Larger terrestrial earthworms are also called megadriles (or big worms), as opposed to the microdriles (or small worms) in the semiaquatic familiesTubificidae, Lumbriculidae, and Enchytraeidae, among others. The megadriles are characterized by having a distinct clitellum (which is more extensive than that of microdriles) and a vascular system with true capillaries.
Earthworms are far less abundant in disturbed environments and are typically active only if water is present.
Millipedes (class Diplopoda) are myriapodous arthropods that have two pairs of legs on most body segments. Each double-legged segment is a result of two single segments fused together as one (the name "Diplopoda" comes from the Greek words διπλοῦς (diplous), "double" and ποδός (podos), "foot"). Most millipedes have very elongated cylindrical or flattened bodies with more than 20 segments, while pill millipedes are shorter and can roll into a ball, like a pillbug.
The name "millipede" is a compound word formed from the Latin roots mille ("thousand") and pes ("foot"). Despite their name, no known millipede has 1,000 legs, although the rare species Illacme plenipes has up to 750. Common species have between 36 and 400 legs. There are approximately 12,000 named species in ca. 140 families. The longest species is the giant African millipede (Archispirostreptus gigas).
Most millipedes are slow-moving detritivores, eating decaying leaves and other dead plant matter. However, they can also be minor garden pests, especially in greenhouses where they can cause severe damage to emergent seedlings.
Millipedes can be easily distinguished from the somewhat similar and related centipedes (Class Chilopoda) which move rapidly, are carnivorous, and have a single pair of legs for each body segment. The scientific study of millipedes is known as diplopodology, and a scientist who studies them is called a diplopodologist.
This class of arthropod is thought to be among the first animals to have colonised land during the Silurian geologic period. These early forms probably ate mosses and primitive vascular plants. The oldest known land creature, Pneumodesmus newmani, was a 1 cm (0.39 in) long millipede, and lived 428 million years ago. In the Upper Carboniferous (340 to 280 million years ago),Arthropleura became the largest known land invertebrate of all time, reaching lengths of up to 2.6 m (8 ft 6 in). Millipedes, centipedes, and other terrestrial arthropods attained very large sizes in comparison to modern species in the oxygen-rich environments of the Devonian and Carboniferous periods, and some could grow larger than one metre. As oxygen levels lowered through time, arthropods became smaller in size.
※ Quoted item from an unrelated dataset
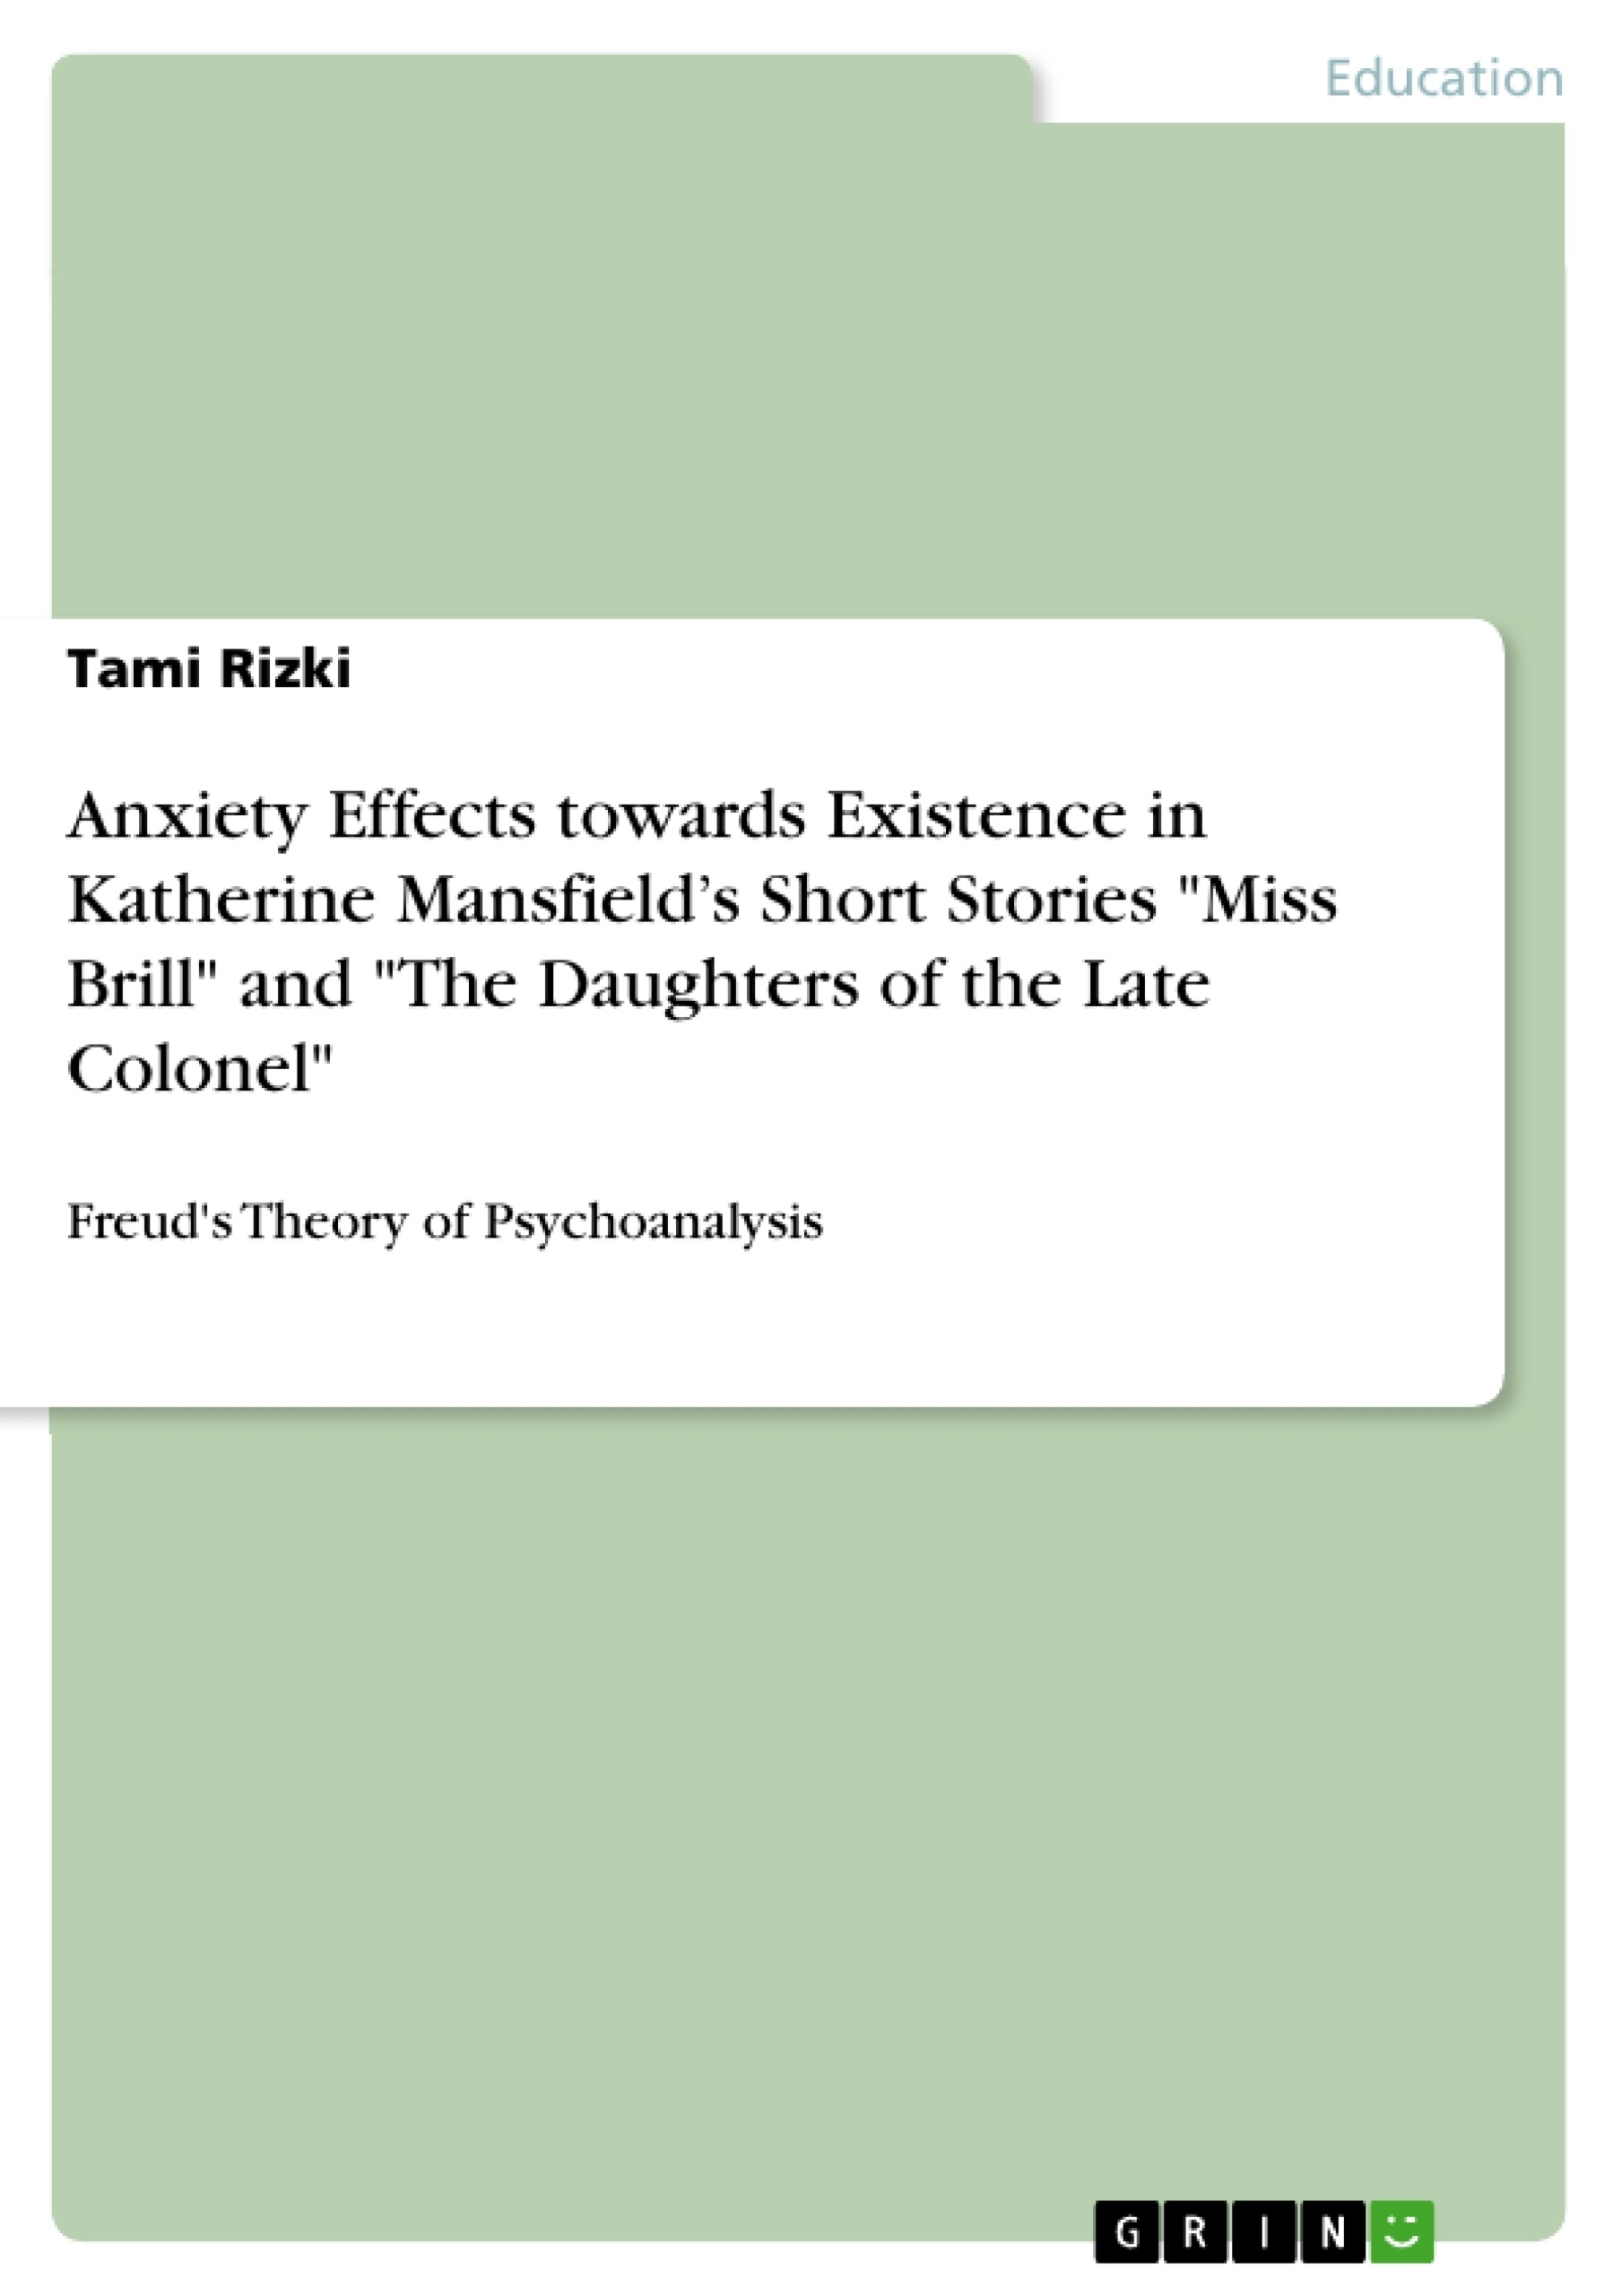 Title: Anxiety Effects towards Existence in Katherine Mansfield’s Short Stories "Miss Brill" and "The Daughters of the Late Colonel"

Millipedes range from 2 mm (0.079 in) to around 35 cm (14 in) in length, and can have as few as eleven to over one hundred segments. They are generally black or brown in colour, although there are a few brightly coloured species.
The millipede's most obvious feature is its large number of legs. Having many short legs makes millipedes rather slow, but the many legs pushing in unison provides powerful strength for burrowing.